BANDED “The Beatles meets Green Day meets Panic at the Disco meets Ray Charles” is how SAROOP OOMEN describes Shakey Rays’ genre of music!
Shakey Rays is a distilled product from the defunct Easy Street that stomped Chennai rock around 2006. The recent album “Tunes from the Big Belly” is completely fresh with musical ideas, well crafted lyrics and a raw, addictive energy! The genre: a ball park comparison could be “The Beatles meets Green Day meets Panic at the Disco meets Ray Charles”! You will feel the R&B trends of the 1980s from icons like The Smiths to the 1960s like Marvin Gaye, Otis Redding to Elvis Costello! All this coming from guys born in the 1990s! It just doesn’t make sense, but here is a band that was bent on pushing the edge to produce music that’s not clichéd in any stretch. They do not sound mainstream; they have dived into history and culled out their own! Shakey Rays, you have our attention!
The name ‘Shakey Rays’?
Dhruva: No major funda behind it! Shake is like a really popular R&B/Soul song covered by so many artists and ‘Ray’ is like Ray Charles to Satyajit Ray. We wanted a name that sounded R&B; someone said Shakey Rays and we said yes.

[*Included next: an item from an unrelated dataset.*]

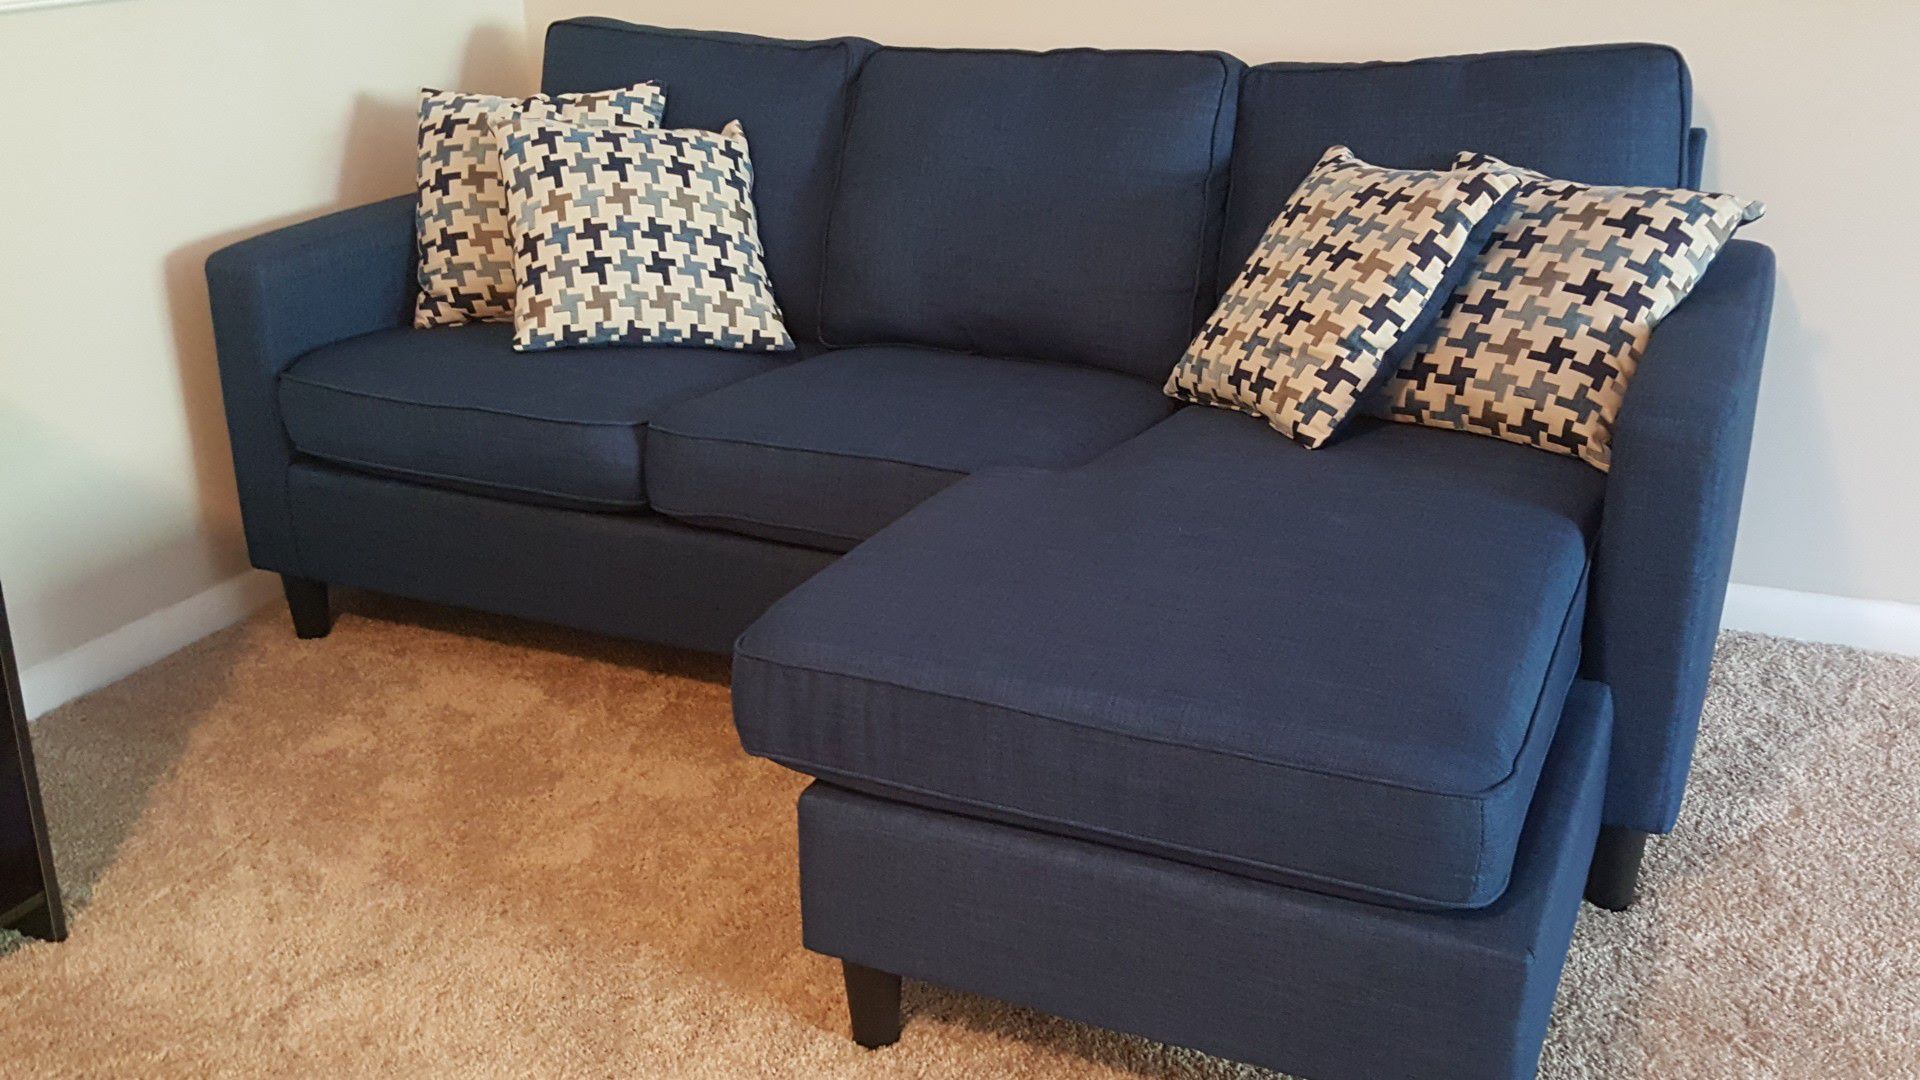 Barely used Bob's Furniture Blue L Couch

And the rest of the musicians?
Dhruva: We played some of the first songs to Niranjan who is a great drummer and he brought in the dynamics to the songs. Before all our songs were the same and could get monotonous. Now there is dynamics to the song structures.
Vikram: We didn’t have a bass player, but went ahead and recorded all the songs first. Then we found Iuno Yooni.
How did you come up with this new sound?
Dhruva: Well Easy Street was more of a WHO cover band. We wanted this new sound so we dug into R&B music history and listened to Motown artists like James Brown, Chuck Berry and Marvin Gaye. We wanted to get away from the cliché of a rock band. We wanted our own sound, but not to break way from the R&B tradition.
Motown? I’ve never heard anyone even say that word in Chennai!
Dhruva: My dad used to listen to Elvis Costello which introduced us to making short pop songs; to take a song idea and make it concise. From there we started really studying the music of Bo Diddley, Stevie Wonder, The Temptations, The La’s and lots more –with the internet its’ all available.
So where do the lyrics come from?
Dhruva: Well, I’ve been writing since I was like 16 I think, so there’s this notebook full of ideas. We just take an idea and develop the theme. It’s not random stuff; the themes are subjects that we would talk about. Stuff we think about as city boys; topics that we would actually talk about, put into song.
Where do you get your musical ideas from?
Vikram: Late night tales starts with the chorus like the Beatles’ She Loves You. We kept it that way and Down the Drain was based on a guitar riff.
Dhruva: This is where it all begin has this soul styled slow beginning, then it takes off. Yeah, we wanted those unique song structures.
Vikram: The guitar arrangements are so inspired by Johnny Marr of ‘The Smiths’. He is a big inspiration.
There’s a lot of harmony in the vocals. Do you have an acapella or choir background?
Dhruva: No nothing. It’s the R&B tradition and we insisted that we record the harmonies together to get that feel. It’s a pain, but we didn’t want to compromise on that.
There also so much of falsetto and yodeling in your singing – from The La’s?
Dhruva: I don’t think it’s like intentional. We don’t plan on singing like that, but when we deliver the song, that’s how it comes out. We don’t have any vocal training whatsoever so what you hear is all that we are.
So this album is up for free download?
Vikram: You can download the 10 songs and even check out the lyrics on http://theshakeyrays.bandcamp.com. We want to make some changes to some of the mixes on this album and bring out a CD with booklet sometime in February, which should be on sale. We’re got about 30 songs in various stages and so now working on the second album and maybe a third too.
Aren’t your parents losing hair with your musical ambitions?
Dhruva: As of now they are okay, but we are trying out jingles and some paid gigs here and there to make some money. But as of now, we meet at least four to five times a week, take ideas and make them into songs.
Vikram: We set out to do this and we’ve been writing and recording for about two years. This is what we are focused on and we have offers for gigs in Mumbai, Hyderabad and other cities. It’s great to bring out music — it’s what we love doing.